İnşaat Projelerinde Risk Faktörleri
İnşaat sektöründe proje üretim ve yönetim maliyetleri öngörülmeye çalışılmakla birlikte, bu maliyet hedeflerindeki herhangi bir sapma sonucu kötü sürprizler doğabilmektedir. Bunun yanında yetersiz yapılan analizler ekonomik kayıp kaygısıyla risk düzeyi yüksek olan projelerden kaçınma durumunu da ortaya çıkarabilir. Risk yönetiminin gerekliliği tam da bu noktada önem kazanmaktadır.
İnşaat sektörünün proje, ülke ve pazardan kaynaklanan belirsizliklere sahip oluşu risk yönetimini zor hale getirmektedir. Sektör özelinde risk yönetim sistemlerinin geliştirilmesi için farklı senaryolarda proje performansının ölçülmesi ve geçmiş deneyimlerin yeni projelerde kullanılması kaçınılmaz hale gelmiştir. Faaliyet alanıyla ilgili risklerin neler olduğunun tanımlanması, işletmelerin potansiyel kayıplarının belirlenmesi noktasında oldukça önem taşımaktadır. Bu noktada en önemli adım, risk kaynaklarının sınıflandırılması, ikinci önemli adım ise projenin gerçekleşmesinde karşılaşılacak risklerin neler olduğunun belirlenmesidir.

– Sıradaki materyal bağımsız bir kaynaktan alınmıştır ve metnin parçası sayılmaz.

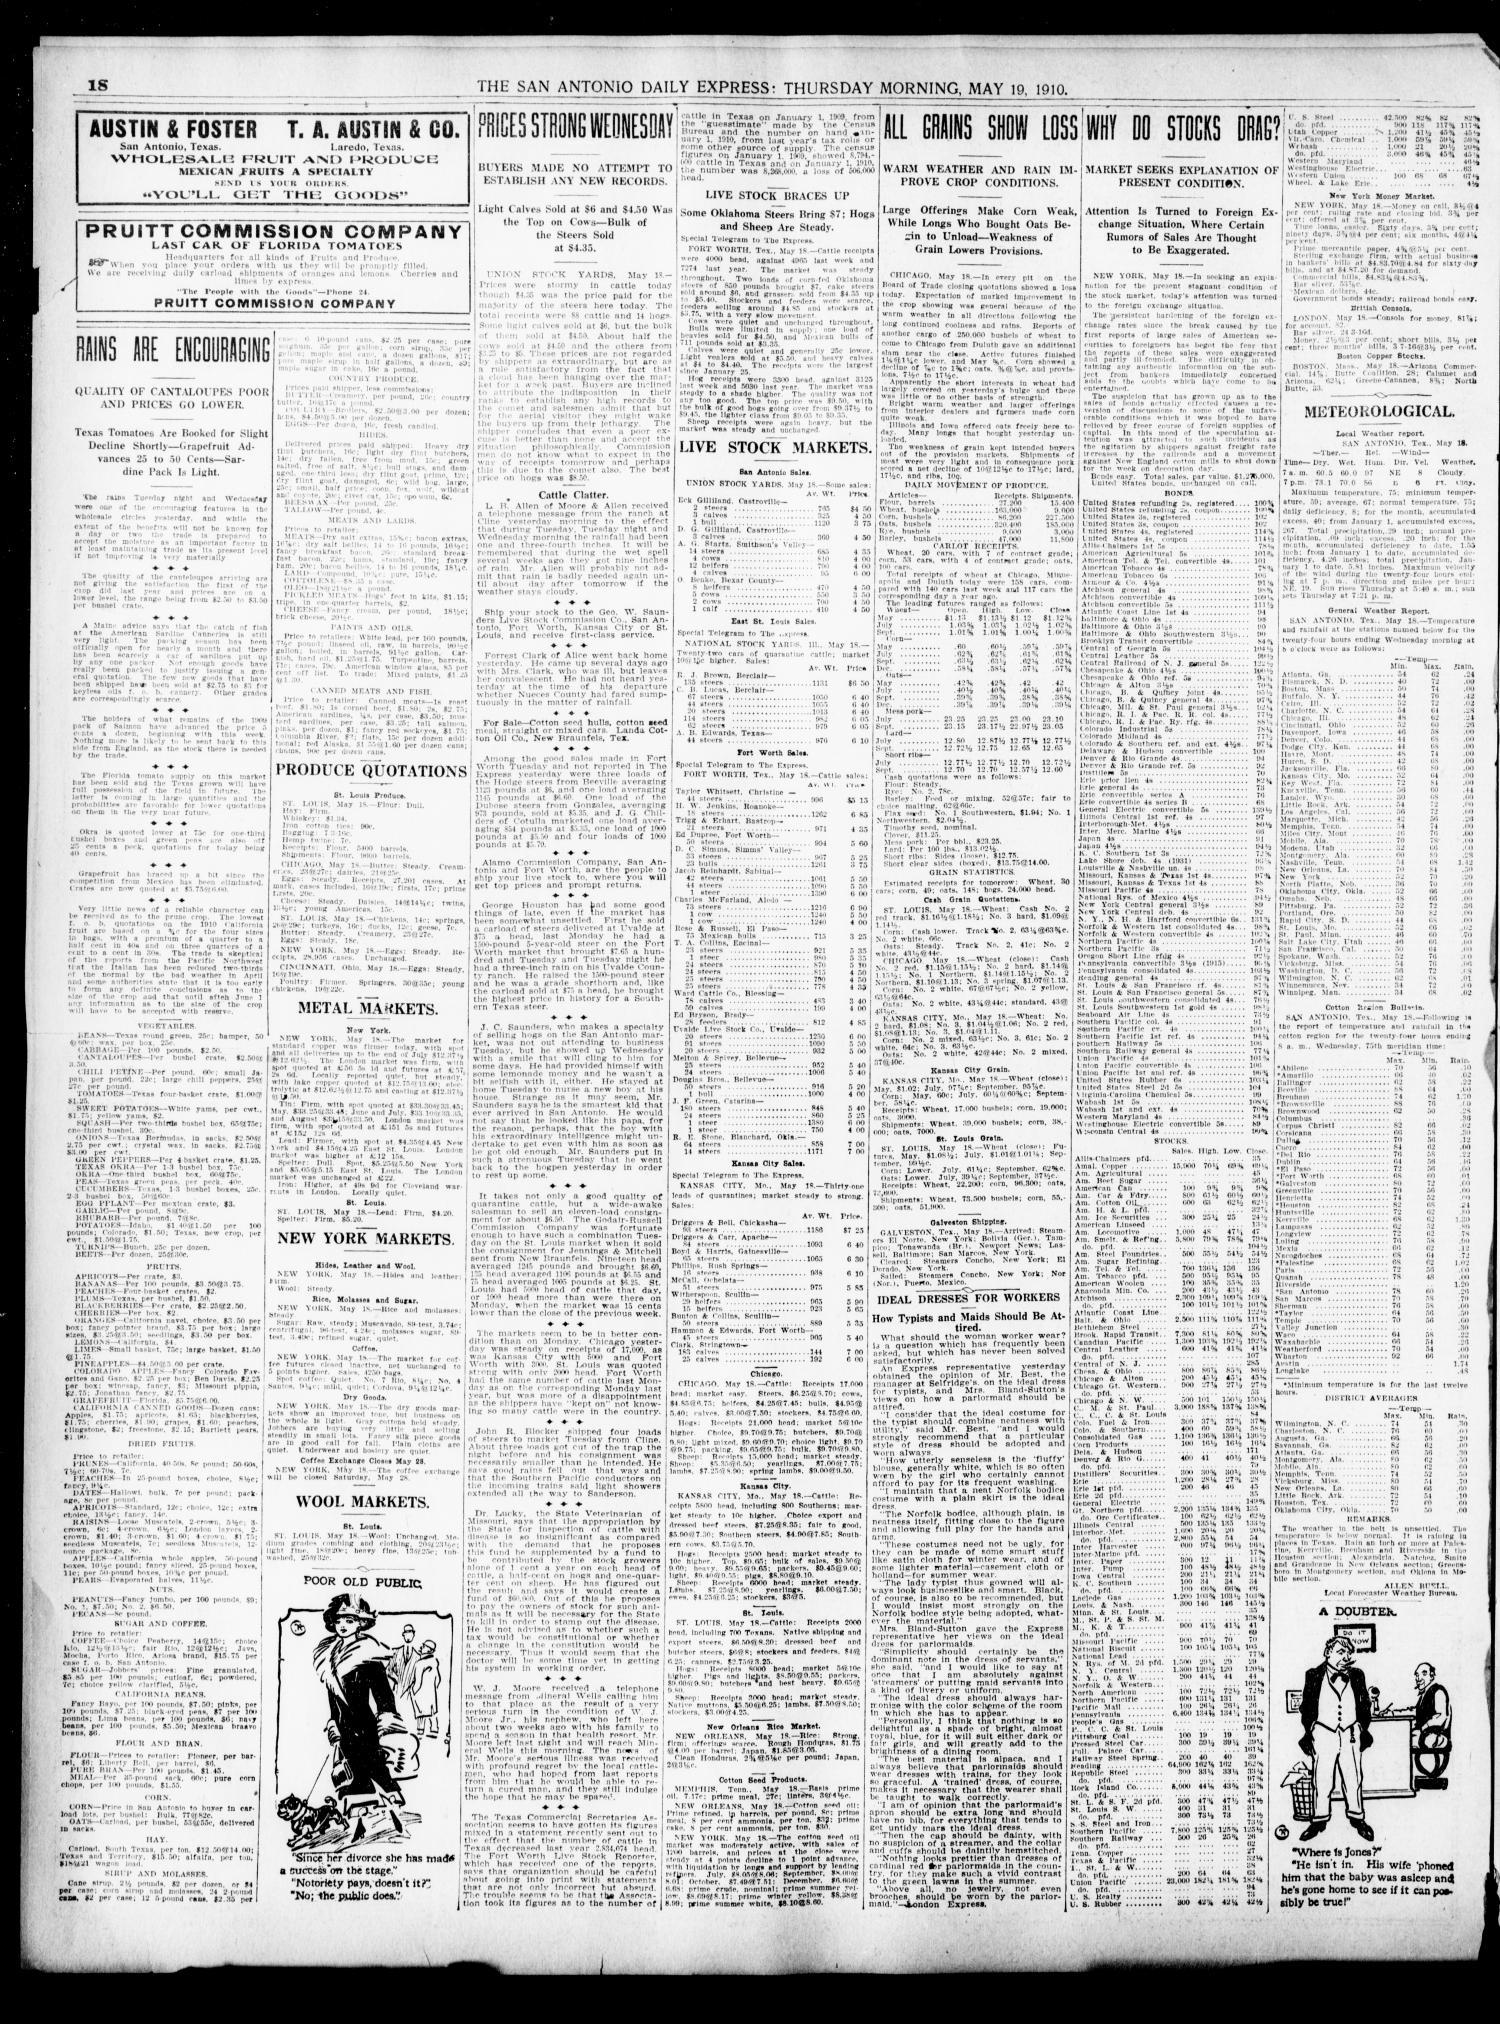 The Daily Express  (San Antonio, Tex ), Vol  45, No  139, Ed  1

İnşaat projeleri doğaları gereği birbirlerinden farklıdır ve bu da her projenin tamamen kendi parametreleriyle düşünülmesi gerektiği sonucuna çıkmaktadır. Etkin bir risk yönetim sistemi tüm farklı projelere uygulanabilen bir grup teknikten oluşur. Risk analizi yapılarak en iyi ve en kötü senaryolar ile gelişmelerin tahmini daha sağlıklı yapılabilir. İnşaat projelerinde girdi ve çıktılar arasındaki ilişkiler güçleştikçe analiz yapmak ve olası gidişatı öngörmek de zorlaşabilir. Durum bu haldeyken simülasyon teknikleriyle, proje değişken ve riskleri modellenebilir. Büyük çaplı belirsizlikler projenin erken aşamalarında kendilerini gösterirler. Bunun önüne geçmek için proje başlangıcında olabildiğince fazla risk belirlenmeli ve değerlendirilmeli, risk yönetimine tüm proje süresince devam edilmelidir.